Friday, November 18, 2016

Lucky review

by Rachel Vail
May 2008

First line: "Our toaster is moody."

Eighth-grader Phoebe Avery has led a charmed life: good looks, good grades, she's friends with the popular set, and her parents make a "comfortable" living that includes designer clothes, their own maid and trips to Europe. She's in the midst of planning a major bash to celebrate her eighth-grade graduation when everything starts crashing down around her ears. Her mother loses her high-powered job, and suddenly, the whole family must economize.
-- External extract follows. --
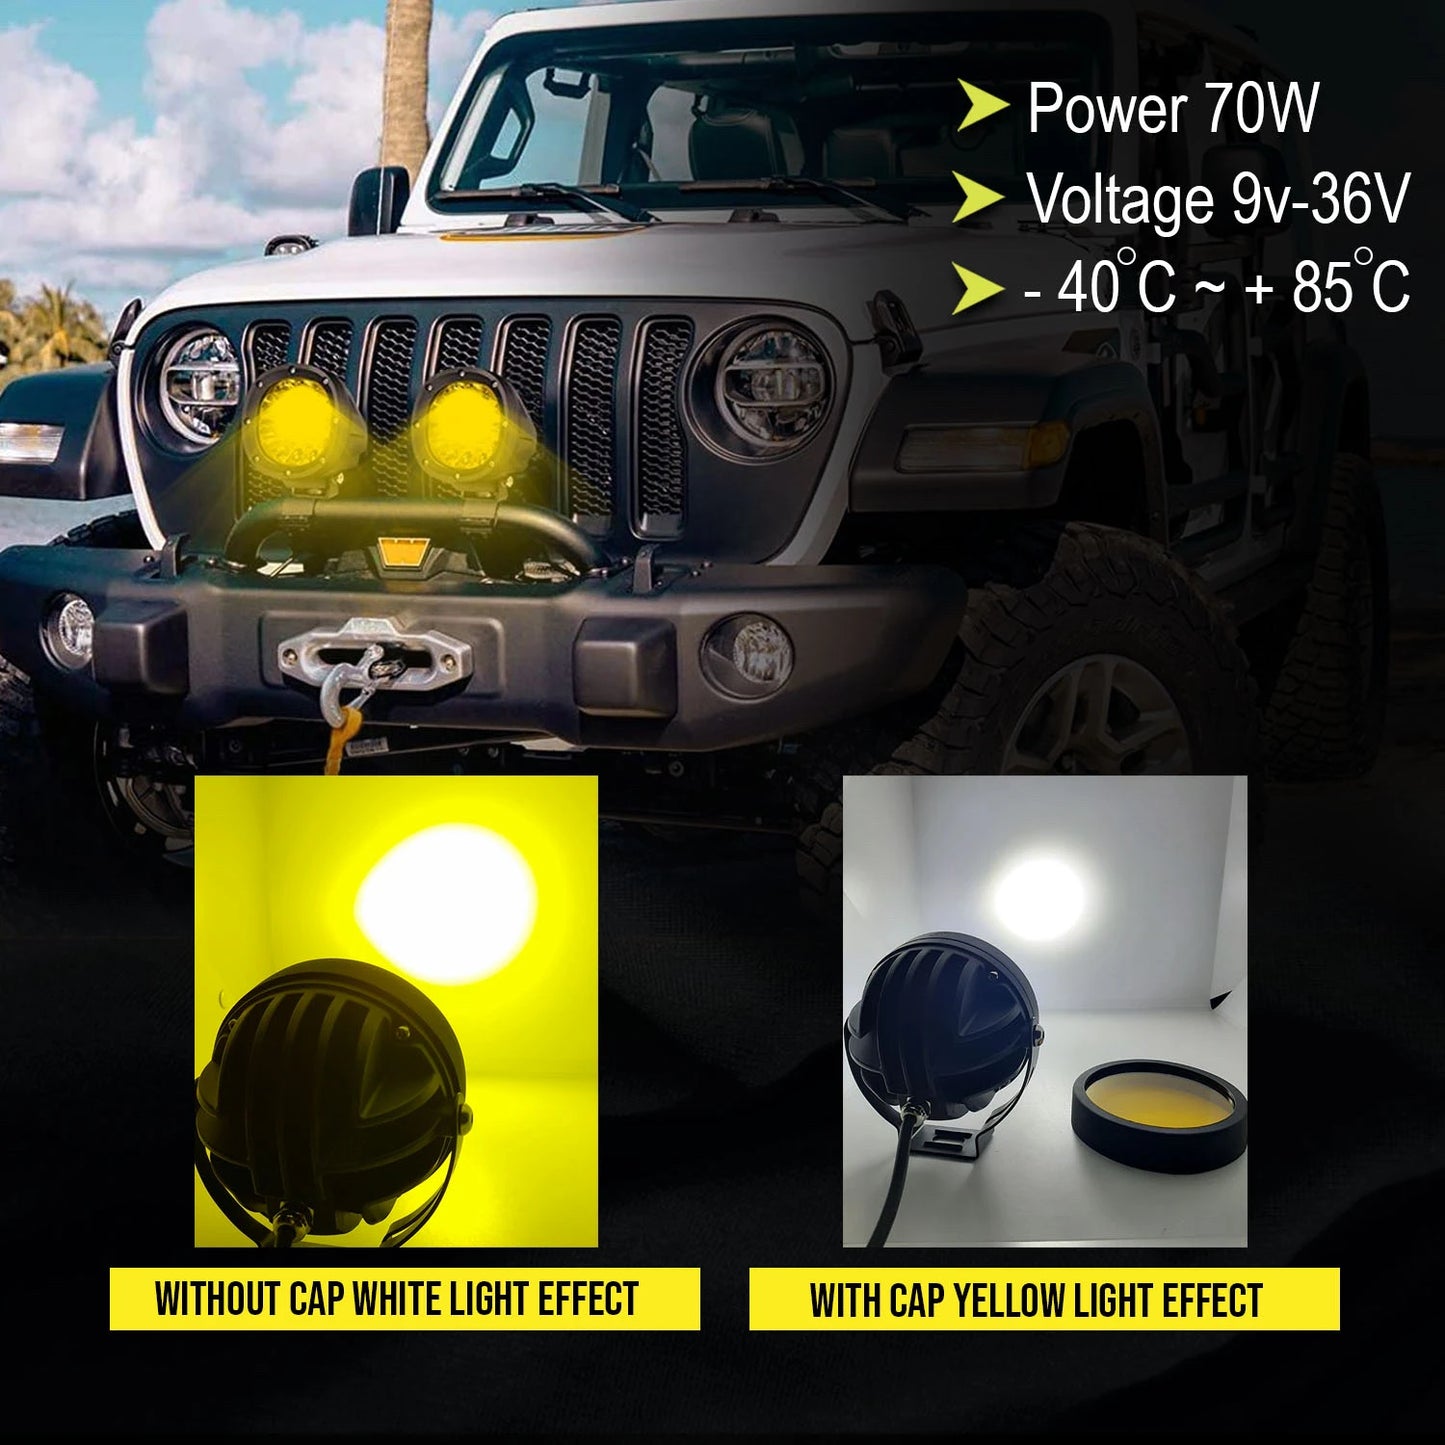 HJG Original 70W CREE 140W Dual Color Yellow/White LED Fog Lights with Wiring Harness Kit light brightness output controller switch Yellow Filter Cap Waterproof Light for Bikes, Cars, Jeeps Yellow Filter Cap

I found Phoebe bratty and difficult to like. What sort of eighth-grader angrily demands to purchase a Vera Wang dress? The first clue that all is not right occurs when Phoebe dramatically throws away the family's broken toaster. Her mother angrily fishes it out of the trash, very out of character. Phoebe, of course, has only been imitating her mother who had recently thrown away a slightly imperfect tea kettle.

What is strikingly real about the book is Phoebe's excruciating self-consciousness. It's painful to read, because it takes you right back to that feeling of being in middle-school, and terrified of not fitting in. As the youngest of three sisters, Phoebe always feels like she's trying to prove herself. Phoebe feels like she's barely holding onto her spot in her social circle, as her best friend Kirstyn insists on taking their big graduation party to greater and greater excess. Poor Phoebe is so distracted with her family's money worries, she can hardly spare a thought for Lucas, a boy at school that she's been interested in.

There's something very, very intense about going through tight times at this age - Phoebe is old enough to understand very clearly exactly what is going on, but young enough to be completely unable to help out, or support herself at all. She's utterly humiliated at the idea of having to shop at thrift stores and can't bear to tell her friends the truth about her reduced circumstances. Many tween readers may get a vicarious thrill out of reading this, knowing that if their own situation mirrors Phoebe's, at least there's a very good chance that they'll handle it with better grace than she does. This is the first in a trilogy.

Compare to:
Everything I Was - Corinne Demas

The Not-So-Great Depression - Amy Koss

Cross Your Heart, Connie Pickles - Sabine Durant
The Daughters - Joanna Philbin

I borrowed this book from the library.